Purab Kohli is an Indian television and film actor, model and former video jockey.

Career

Television
Kohli started his career as an actor with the 1998 television show Hip Hip Hurray on Zee TV and earned recognition through video jockeying on Channel V. He then hosted the travel show Gone India where he toured India on budget trips.

In 2005, he appeared in an episode of the TV fantasy sitcom Shararat, as the genius science student Dhumketu.

In 2010 he anchored the Zee TV music talent hunt Sa Re Ga Ma Pa Singing Superstar. In 2013, he hosted the show Terra Quiz on National Geographic Channel.

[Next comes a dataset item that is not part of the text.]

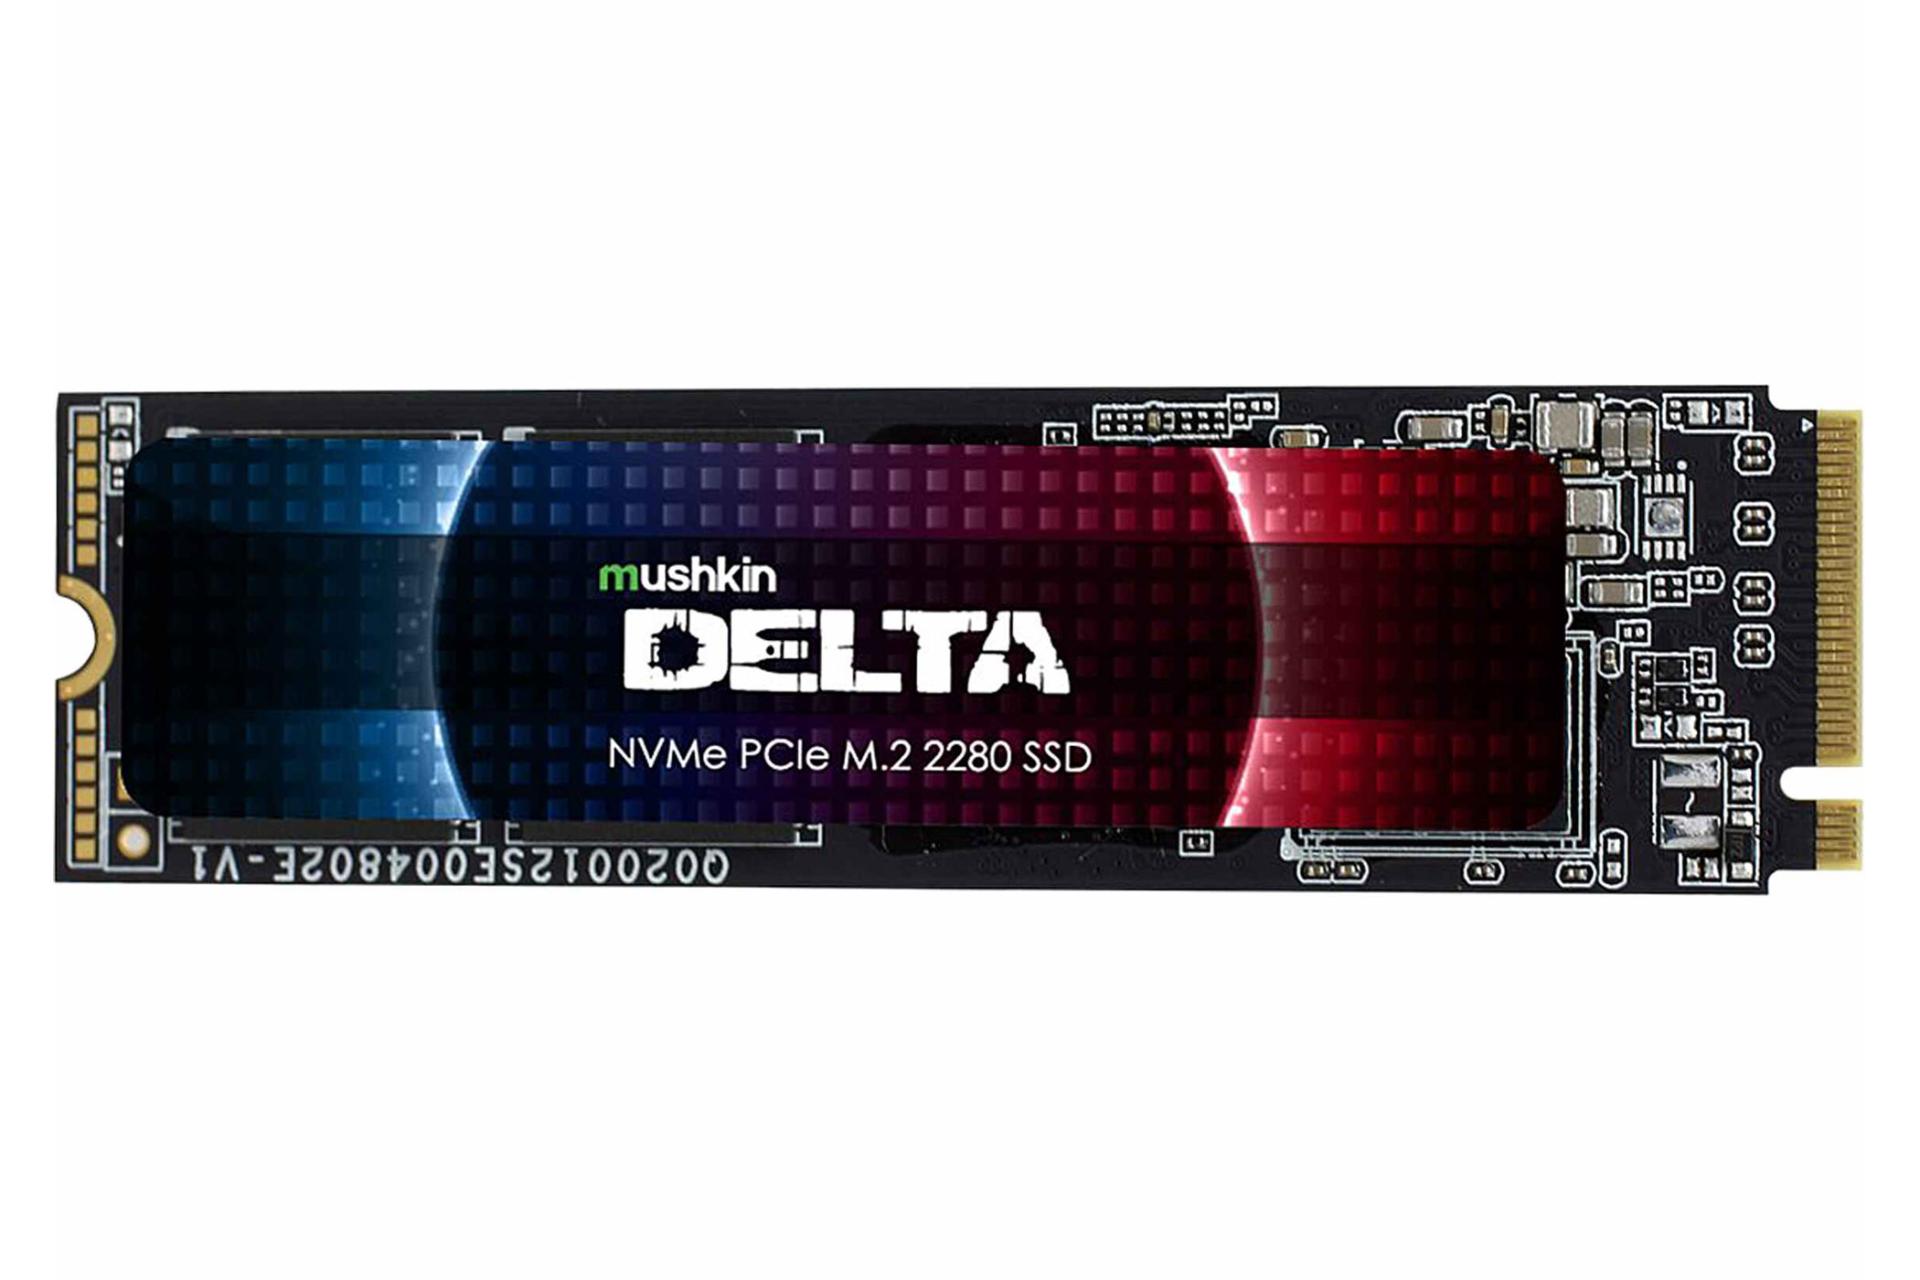 SSD ماشکین DELTA NVMe M.2 ظرفیت 4 ترابایت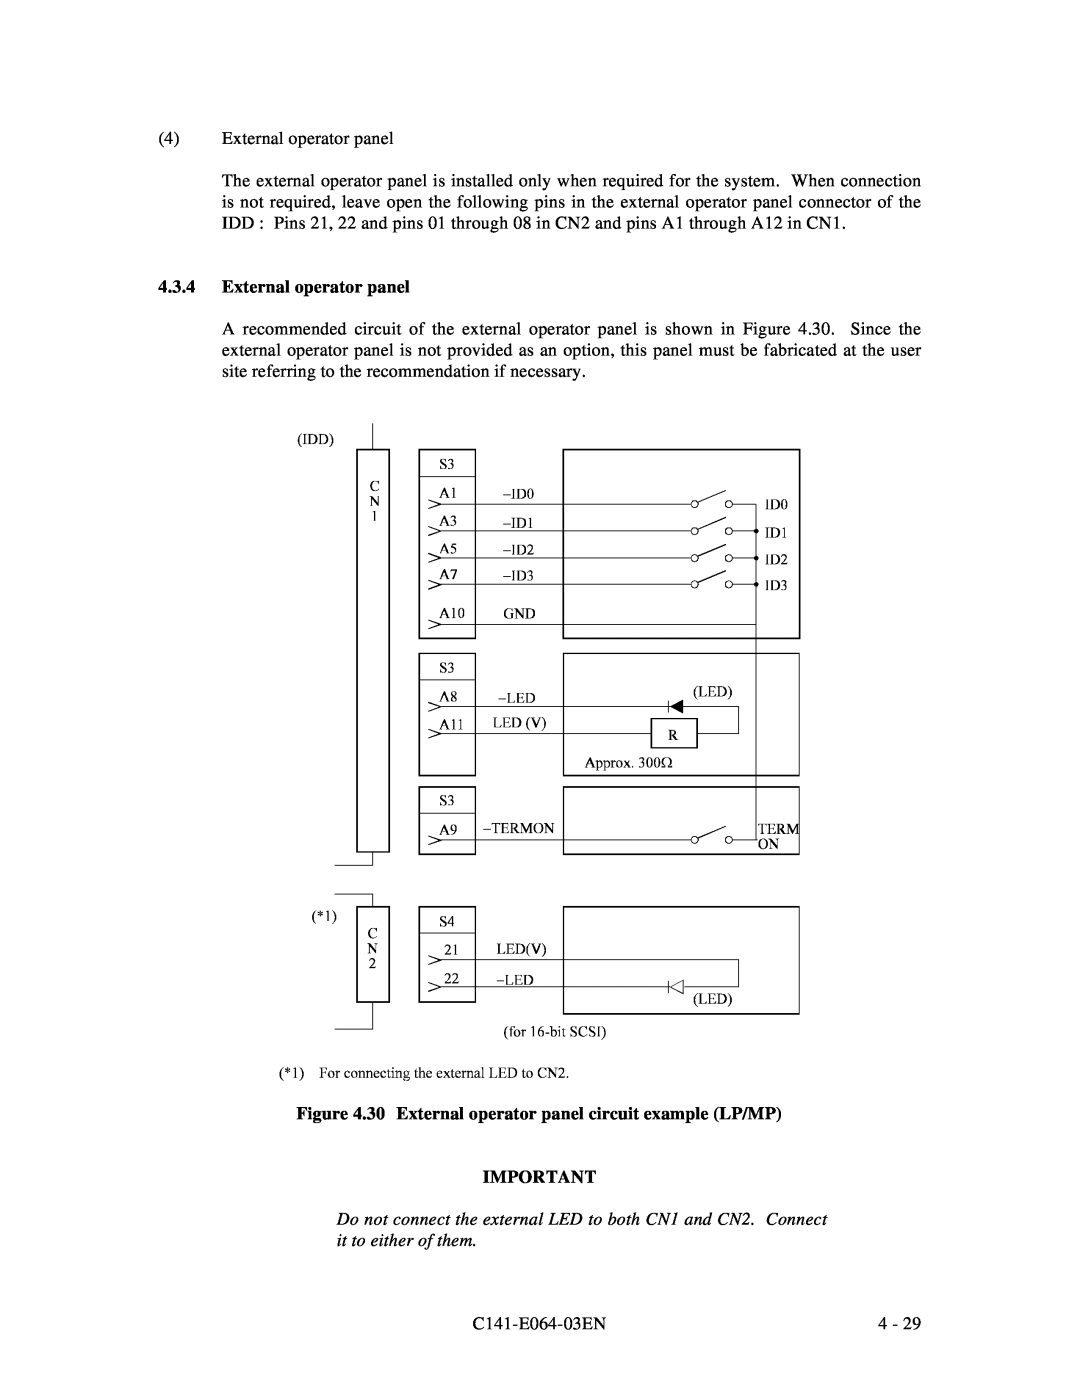 Fujitsu MAG3182LC, MAF3364LP, MAF3364LC, MAE3182LC, MAE3091LC manual 30 External operator panel circuit example LP/MP

He has also featured in television ads for Colgate, Pizza Hut, Compaq Presario, Amaron Batteries and Castrol.

In 2014, he became one of the contestants in season 7 of the reality TV show Jhalak Dikhhla Jaa.

Kohli had a key supporting role in Sense8 a series on Netflix by The Wachowskis with the finale premiering in June 2018.

Films
Kohli made his acting debut in films with Bus Yuhin (2003) starring opposite Nandita Das. He has also acted in other films like Supari (2003), Vastu Shastra (2004), and 13th Floor (2005). His performance in My Brother Nikhil (2005) got him recognition. Kohli then went on to star in Mahesh Bhatt's 2006 film Woh Lamhe and as a villain again in Bhatt's 2007 film Awarapan. He also acted in Rock On!! (2008) along with Farhan Akhtar, Luke Kenny and Arjun Rampal. Kohli's work in Rock On garnered him a Special Jury Mention at the 2009 Filmfare Awards in March 2009. Kohli then starred opposite Nandita Das again in the 2010-11 film I Am which was directed by Onir, who had previously directed him in My Brother Nikhil. He also contributed financially in the making of this film. Purab played the role of a divorced lawyer in the 2012 movie Kuch Spice To Make It Meetha with actress Nauheed Cyrusi and composer Kavish Mishra. Purab's 2014 movie Jal is a story based on villagers' fight for water and dignity.

Web series
Purab Kohli appeared as Angad Shergil in the Voot web series It's Not That Simple (2018), with other featured cast Swara Bhaskar, Sumeet Vyas, Vivan Bhatena, Manasi Rachh, Neha Chauhan, Karan Veer Mehra, Devika Vatsa, Rohan Shah, Jia Vaidya.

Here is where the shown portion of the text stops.